2. The system of claim 1, wherein the graphical component presents computational elements related to distributed computing abstractions of a managed library.
3. The system of claim 2, wherein the computational elements represent built-in functions each having a specific signature.
4. The system of claim 3, wherein the graphical component presents a signature associated with a graph node in response to selection of the graph node in the computational graph.
5. The system of claim 1, wherein the graphical component allows entry and selection of a function, an argument for the function, and inputs.
6. The system of claim 1, wherein the graphical component presents a tailored view based on a selected node of the computational graph.
7. The system of claim 6, wherein the tailored view includes structure query language statement semantics.
8. The system of claim 1, wherein the graphical component presents multiple library functions of a node selected in the computational graph.

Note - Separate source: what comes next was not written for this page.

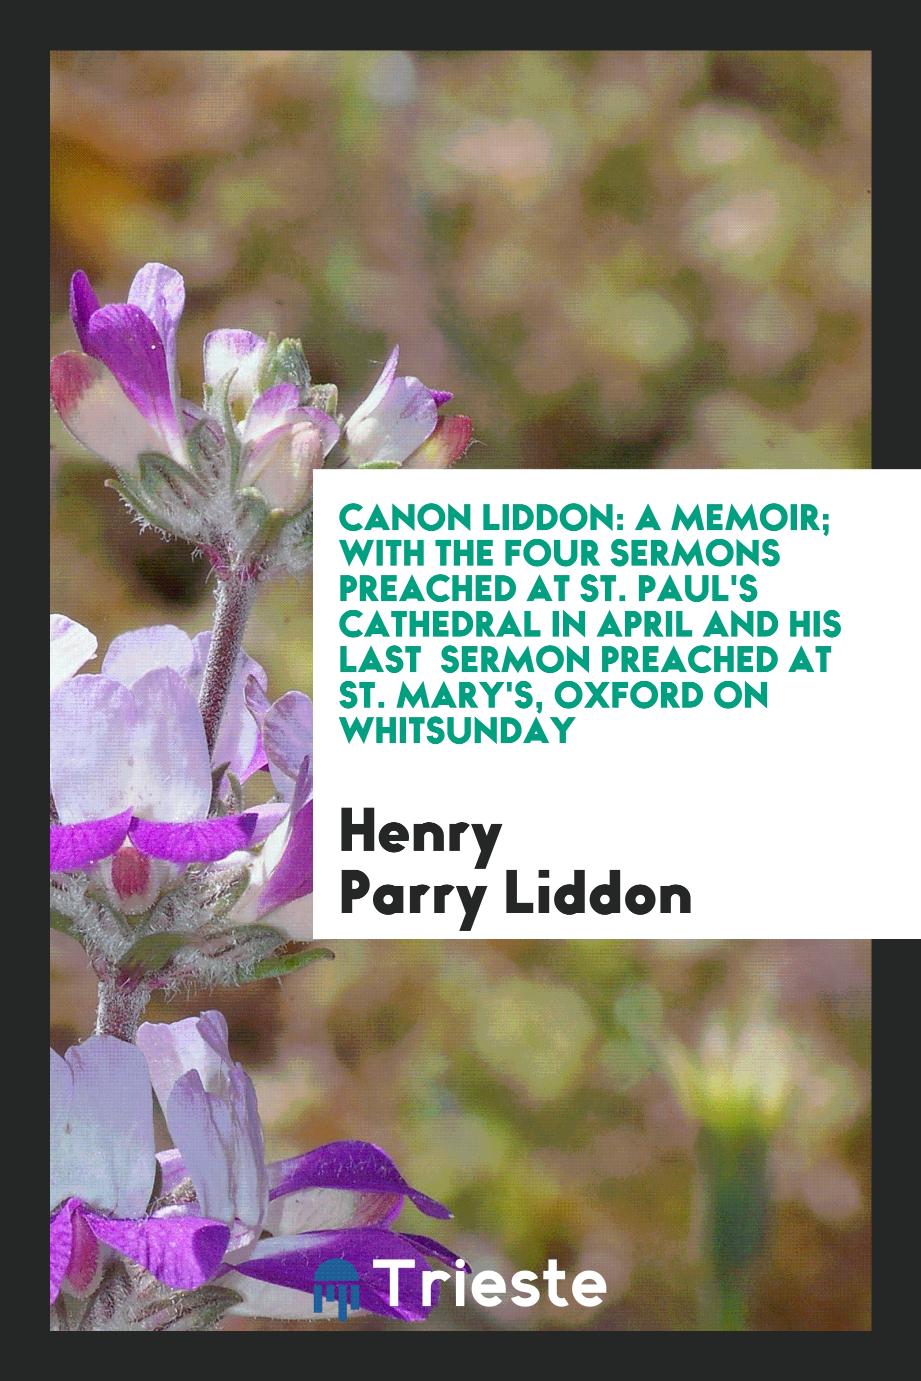 Canon Liddon: a memoir; with the four sermons preached at St. Paul's Cathedral in April and his last sermon preached at St. Mary's, Oxford on Whitsunday

9. The system of claim 1, wherein the programming component compiles code associated with the computational graph for application to the computer cluster.
10. The system of claim 1, wherein the graphical component includes a user interface via which the drag-and-drop functionality, computational elements for creating the computational graph, creation state of the computational graph as presented on a canvas, code associated with nodes of the computational graph, and complied version of the computational graph, are exposed for interaction.
11. The system of claim 1, wherein the computational elements include one or more of SQL statements.
12. A computer-implemented method of developing a massively parallel application, comprising:
presenting computational elements in a graphical programming environment;
inserting a computational element into a graphing area as part of a generating a computational graph;
converting the computation element into a node of the computational graph; and
presenting code associated with the node.
13. The method of claim 12, further comprising compiling the computational graph into a computation application for execution on a parallel computing system.
14. The method of claim 12, wherein the computation elements include aggregate and join.
15. The method of claim 12, further comprising presenting SQL clauses associated with a SQL statement of the node when the node is selected.
16. The method of claim 12, further comprising presenting library functions associated with the node when the node is selected.
17. The method of claim 12, further comprising inserting multiple computational elements into the graphing area by drag-and-drop operations for computing an output based on multiple processes.
18. The method of claim 12, further comprising presenting methods and libraries that match a function associated with the node.
19. The method of claim 12, further comprising presenting a coding block for writing and entering code associated with the node.
20. A computer-implemented system, comprising:
computer-implemented means for presenting computational elements in a graphical programming environment;
computer-implemented means for inserting a computational element into a graphing area as part of a generating a computational graph;
computer-implemented means for converting the computation element into a node of the computational graph; and
computer-implemented means for presenting code associated with the node.